* _EXERCISE_: Lines from the one containing "2x Percussion Mallets" through the end of the material are to be retyped exactly; do not copy pictures.

##### SUPPLIED DATA #####

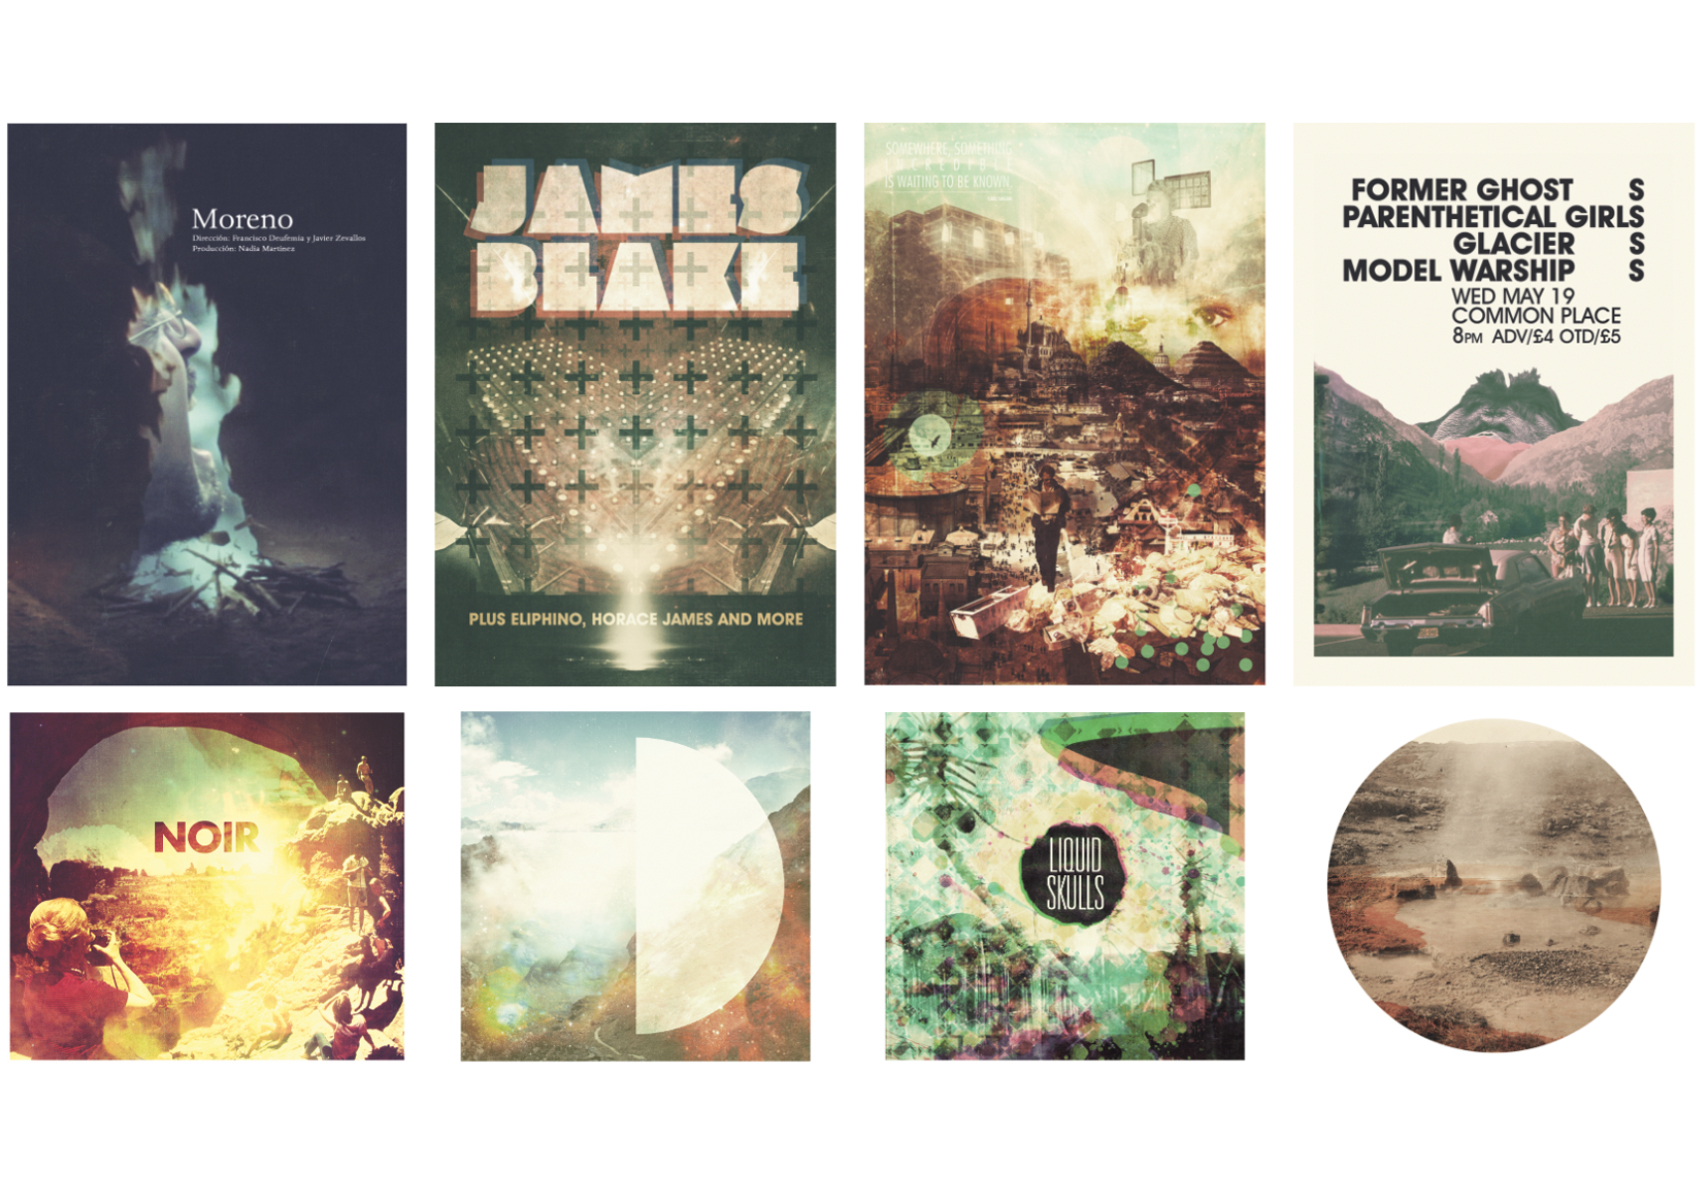 LP covers and Posters
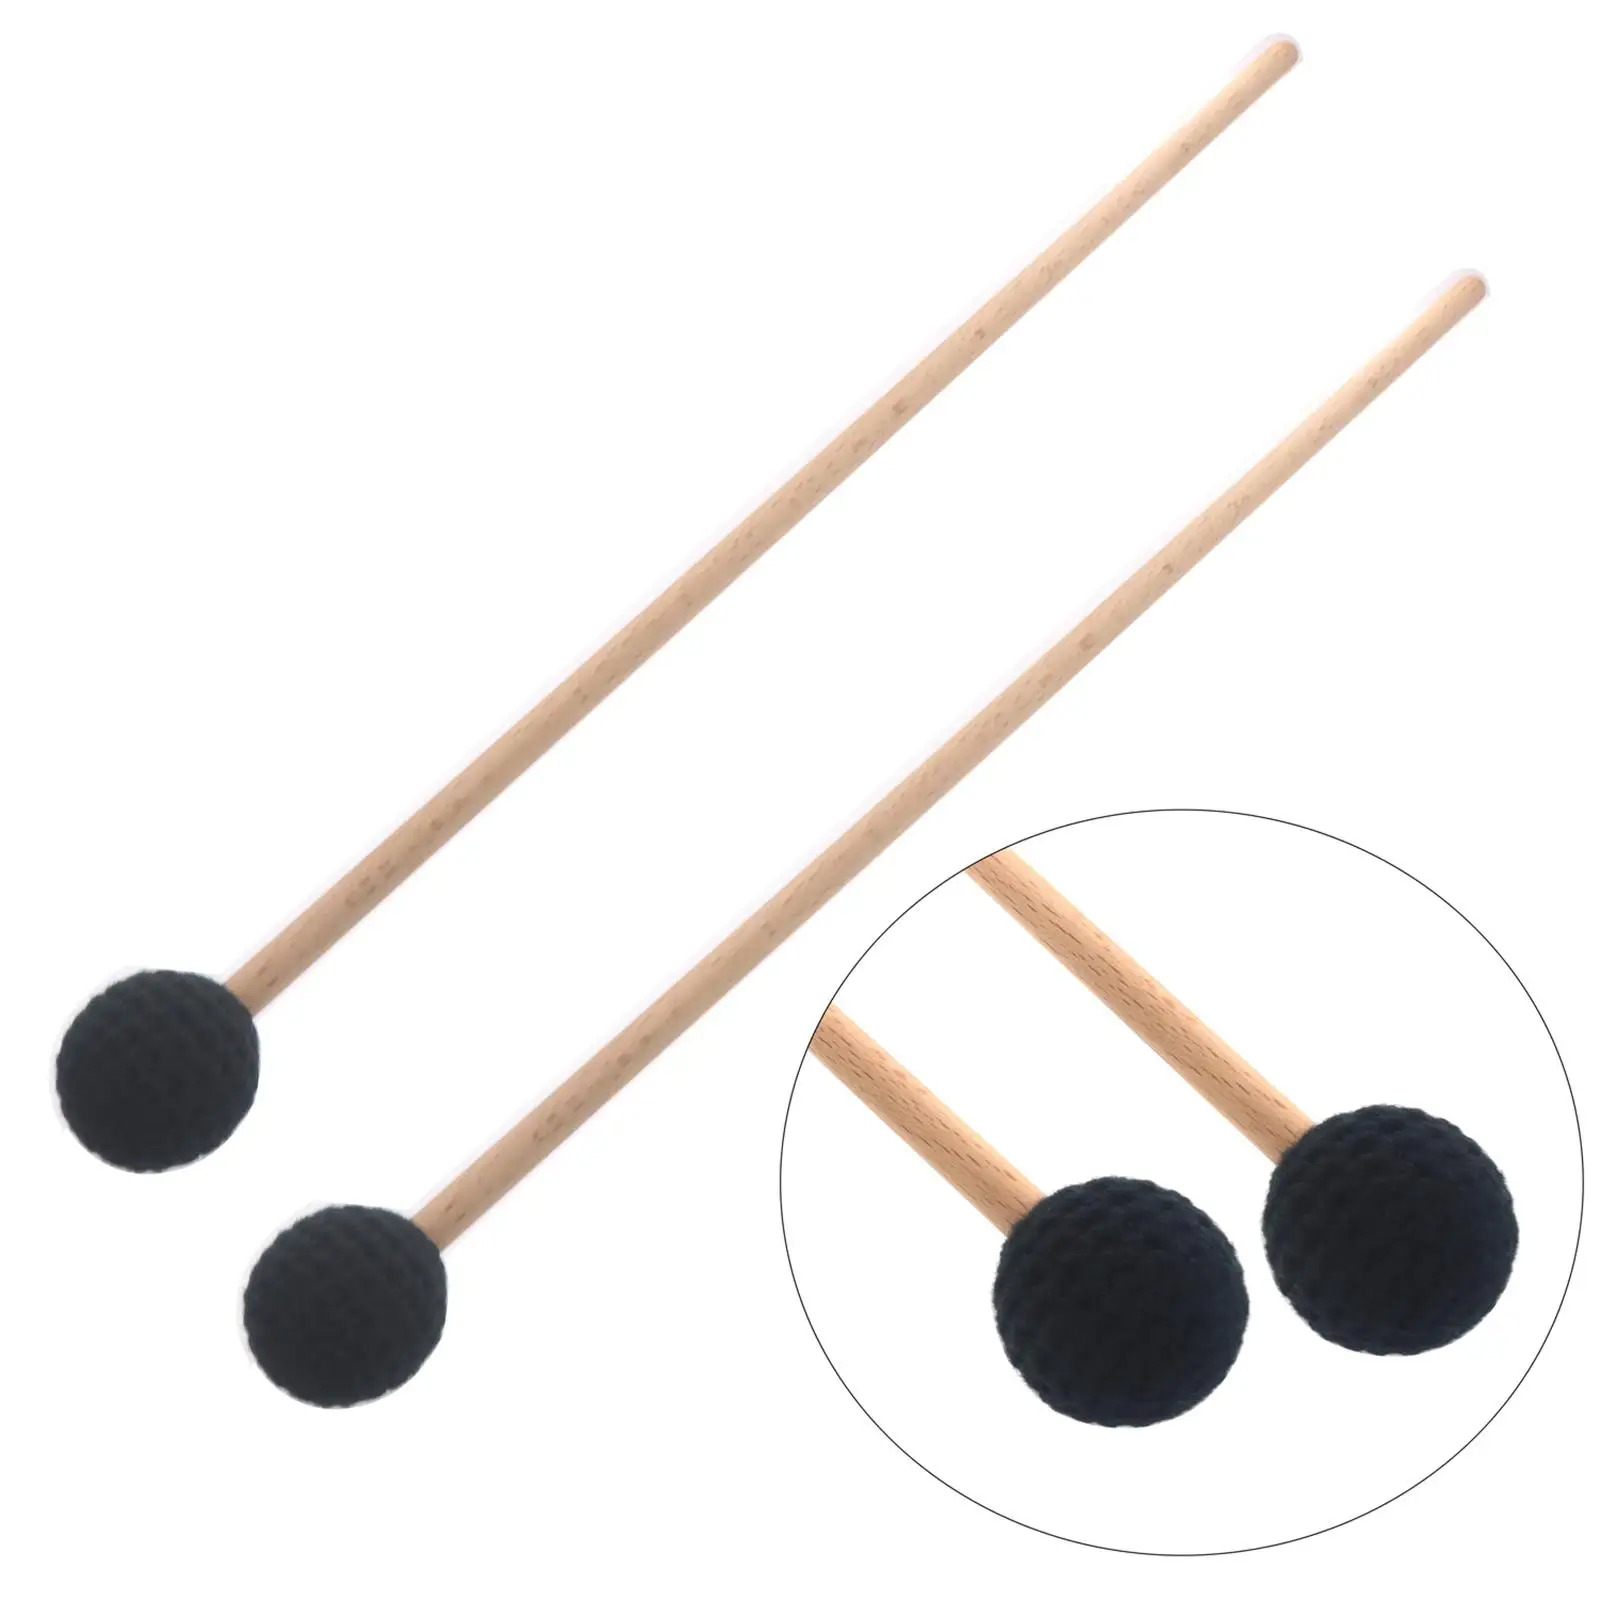 2x Percussion Mallets Sticks with Wooden Handle 17 inch Long Glockenspiel Sticks for Drummers Practitioners Xylophone
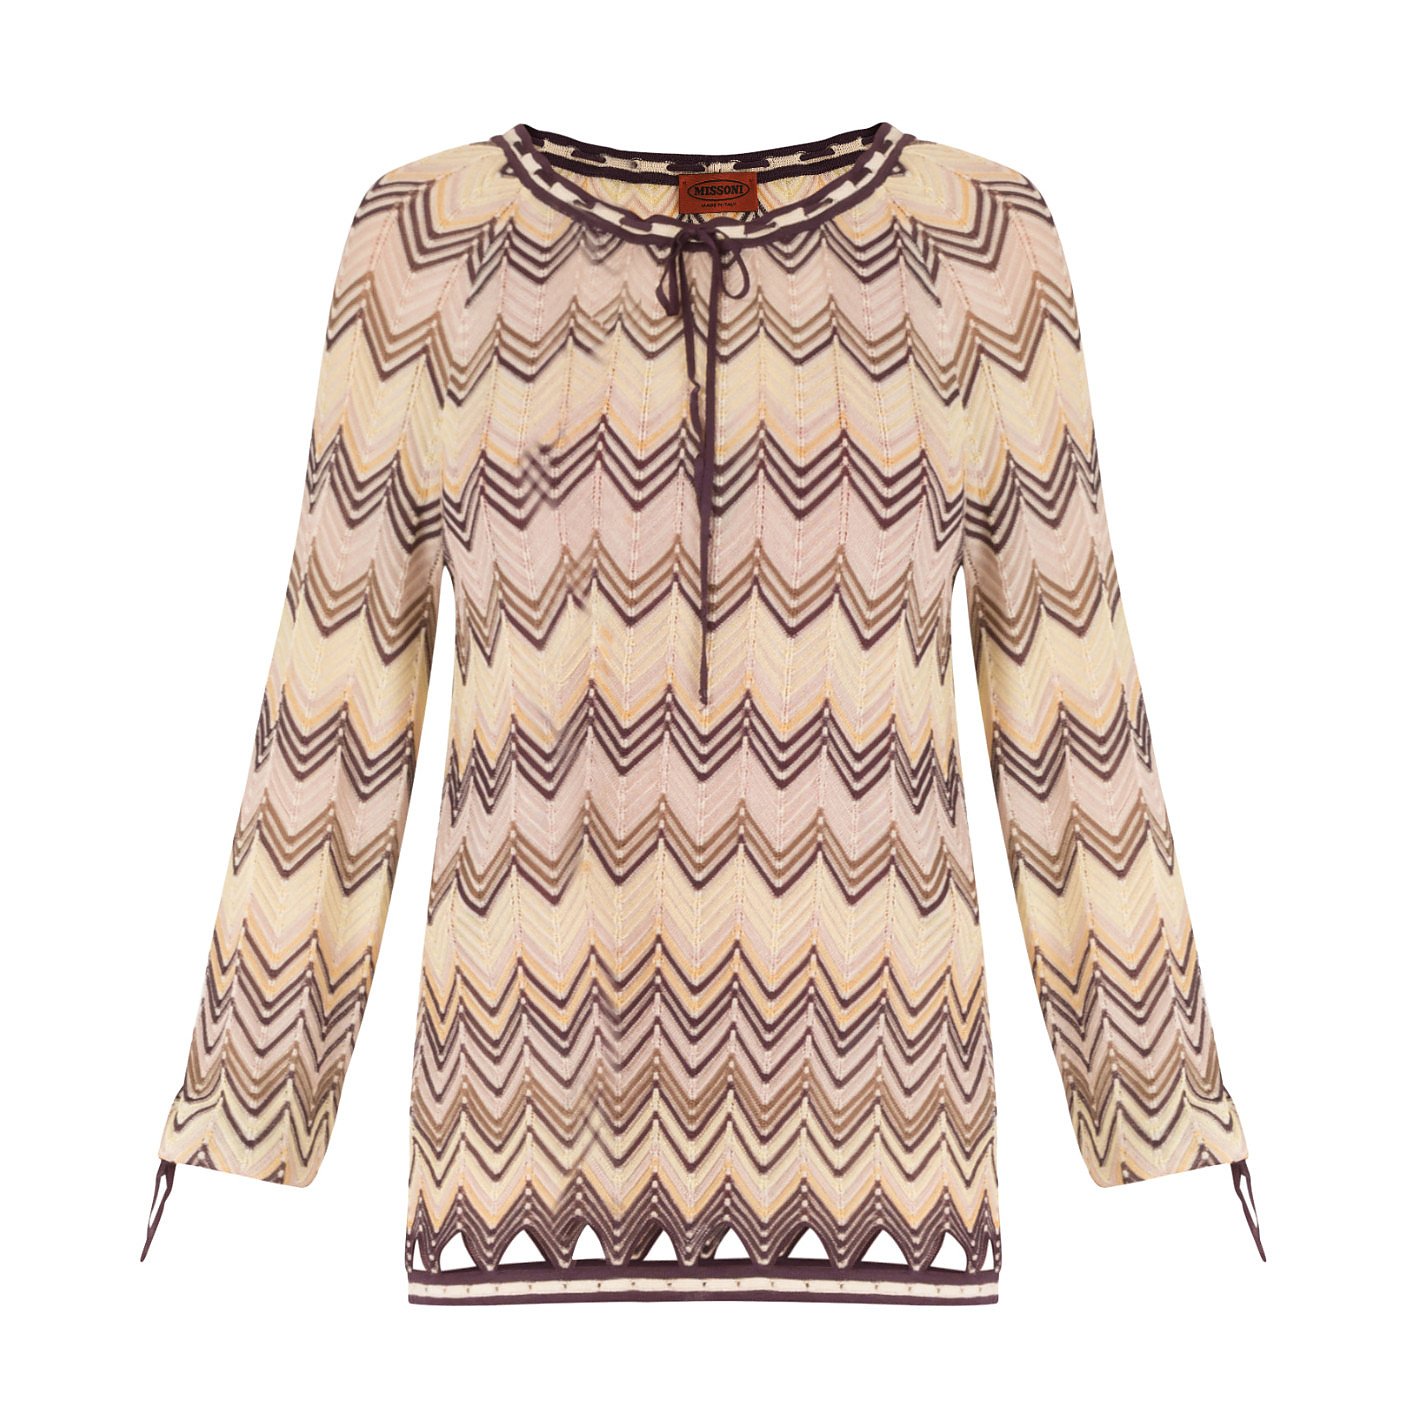 Missoni Patterned Cut-Out Knit Top
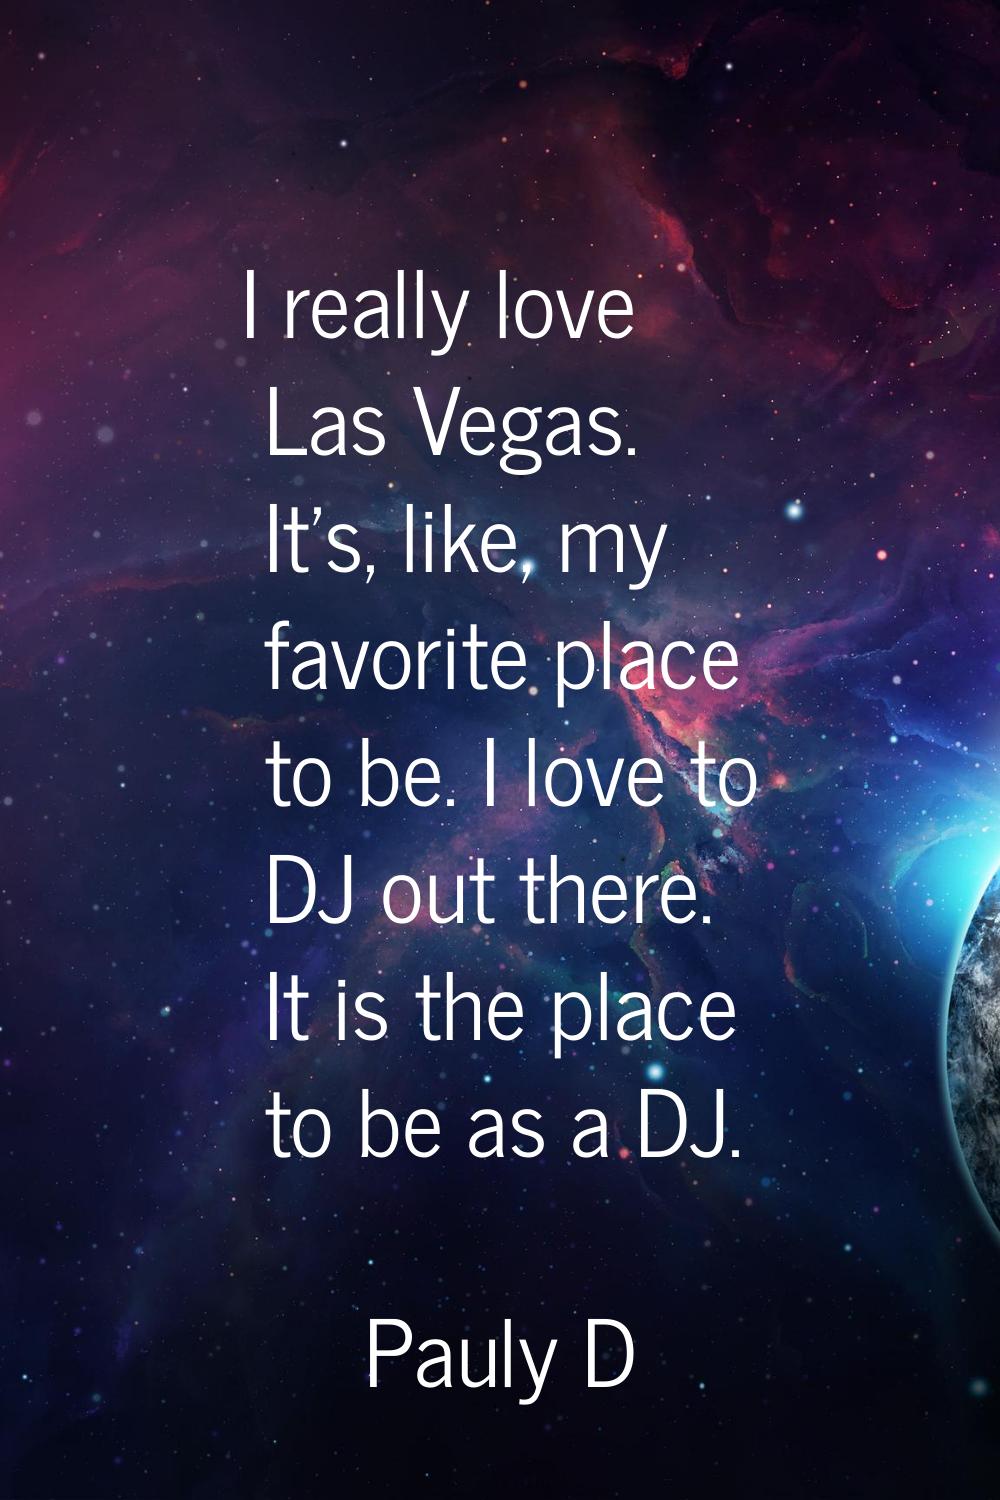 I really love Las Vegas. It's, like, my favorite place to be. I love to DJ out there. It is the pla

#####

* _EXERCISE OUTPUT_:
 2x Percussion Mallets Sticks with Wooden Handle 17 inch Long Glockenspiel Sticks for Drummers Practitioners Xylophone
 Missoni Patterned Cut-Out Knit Top
 I really love Las Vegas. It's, like, my favorite place to be. I love to DJ out there. It is the pla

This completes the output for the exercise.